Turley has co-chaired the Russia Foreign Investment Advisory Council and has served on the board of directors of Citigroup, Emerson Electric, Intrexon, Northrop Grumman Corporation, Boy Scouts of America, Catalyst, the National Corporate Theater Fund, and on the board of trustees of his alma mater, Rice University.

He has been a member of the Business Roundtable, International Business Leaders' Advisory Council for the mayor of Shanghai and Transatlantic Business Dialogue. Turley was the chair of the governing board of the U.S. Center for Audit Quality in 2007–2011. In 2010, he was appointed by Barack Obama to the President's Export Council.

In 2013, Turley was the 4th highest-rated CEO with an approval rating of 96% as calculated by Glassdoor.

==Personal life==
Turley is married to Lynne Pounds from Kirkwood, a suburb of St. Louis, Missouri. He and his wife have one adult son.

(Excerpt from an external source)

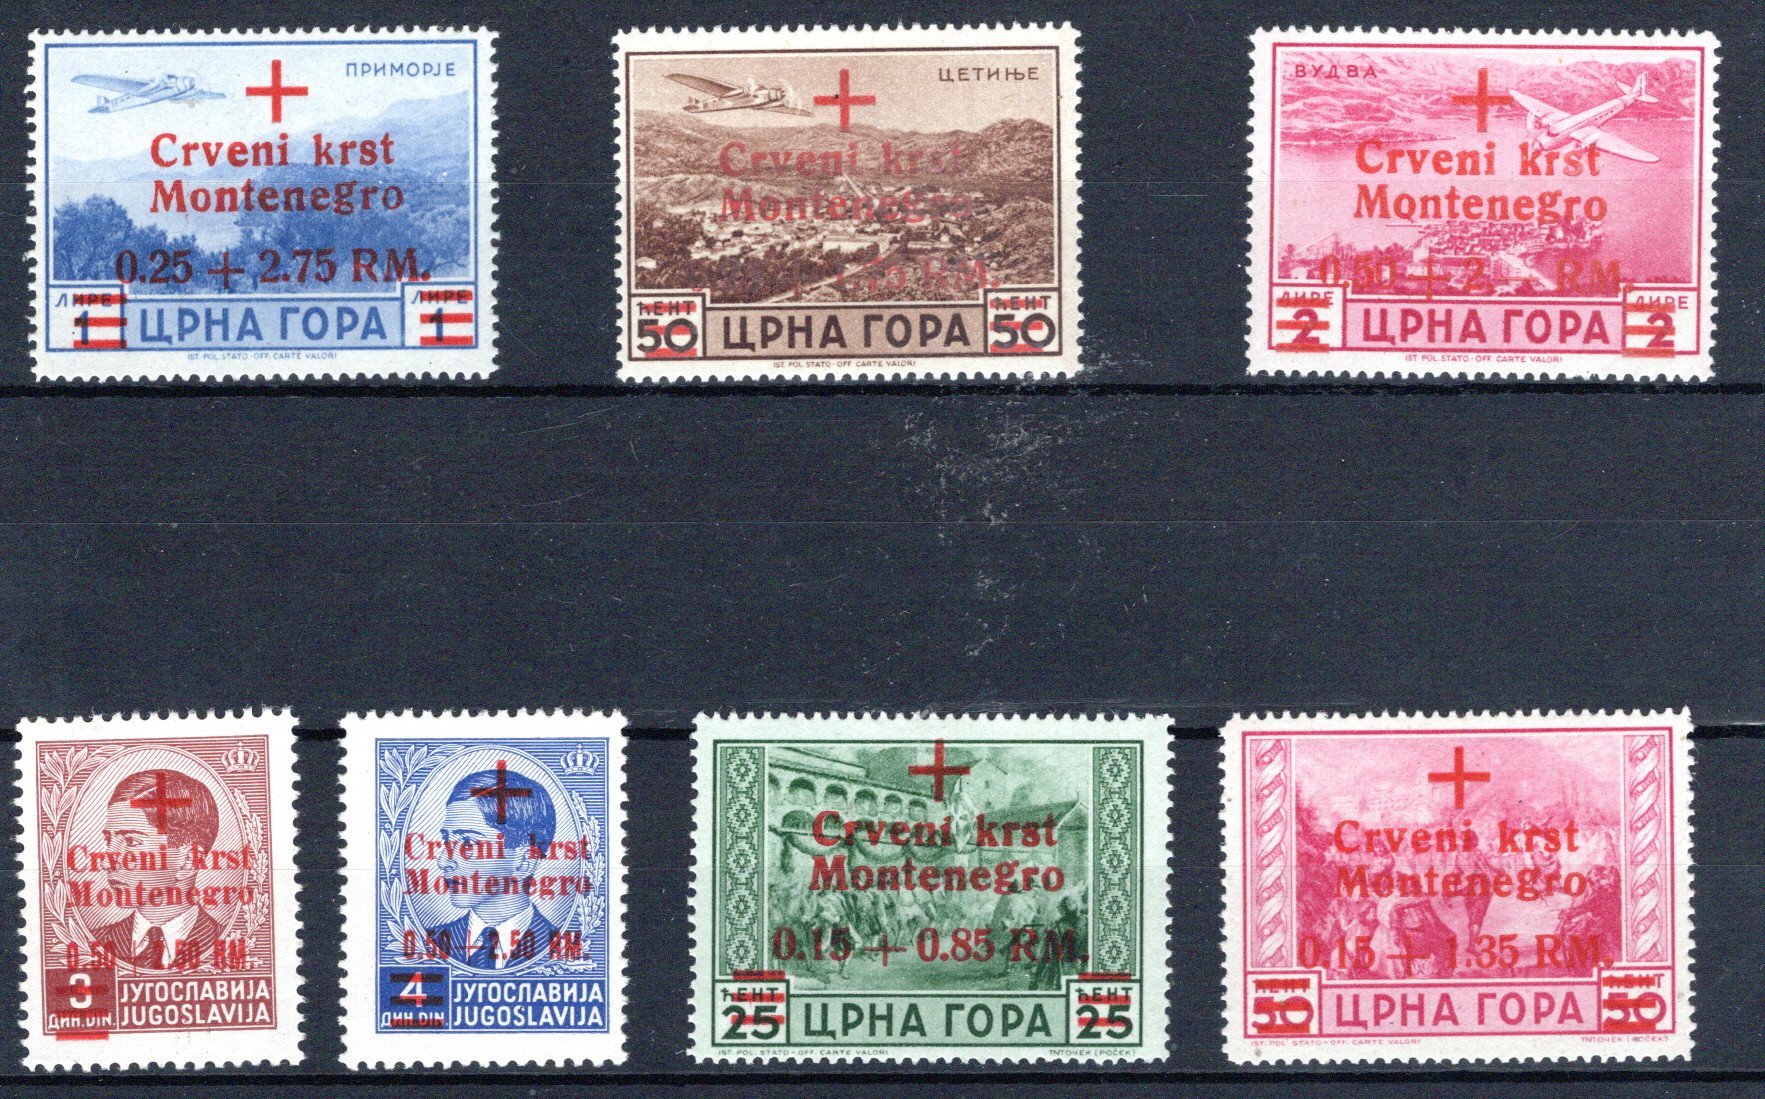 Lot 3859 - germany WWII Occupation Montenegro -  Georg Bühler Briefmarken Auktionen GmbH Georg Bühler 336 auction

Turley plays tennis and golf.

Upon Turley's retirement, Rice University’s Jones School announced the launch of the James S. Turley-Ernst & Young Leadership Development Initiative that focusses on accounting education. In conjunction with this, the university received a $2.5 million gift that includes $1 million from Turley, $500,000 from Ernst & Young and $1 million from Ernst & Young Rice alumni and various partner donations in honor of Turley.

==Politics==
In 2012, Turley was the first member of the Boy Scouts of America Executive Board to come out in public disapproval of its policy of excluding gays. The following year, the policy was reversed, allowing gay youths to join the organisation.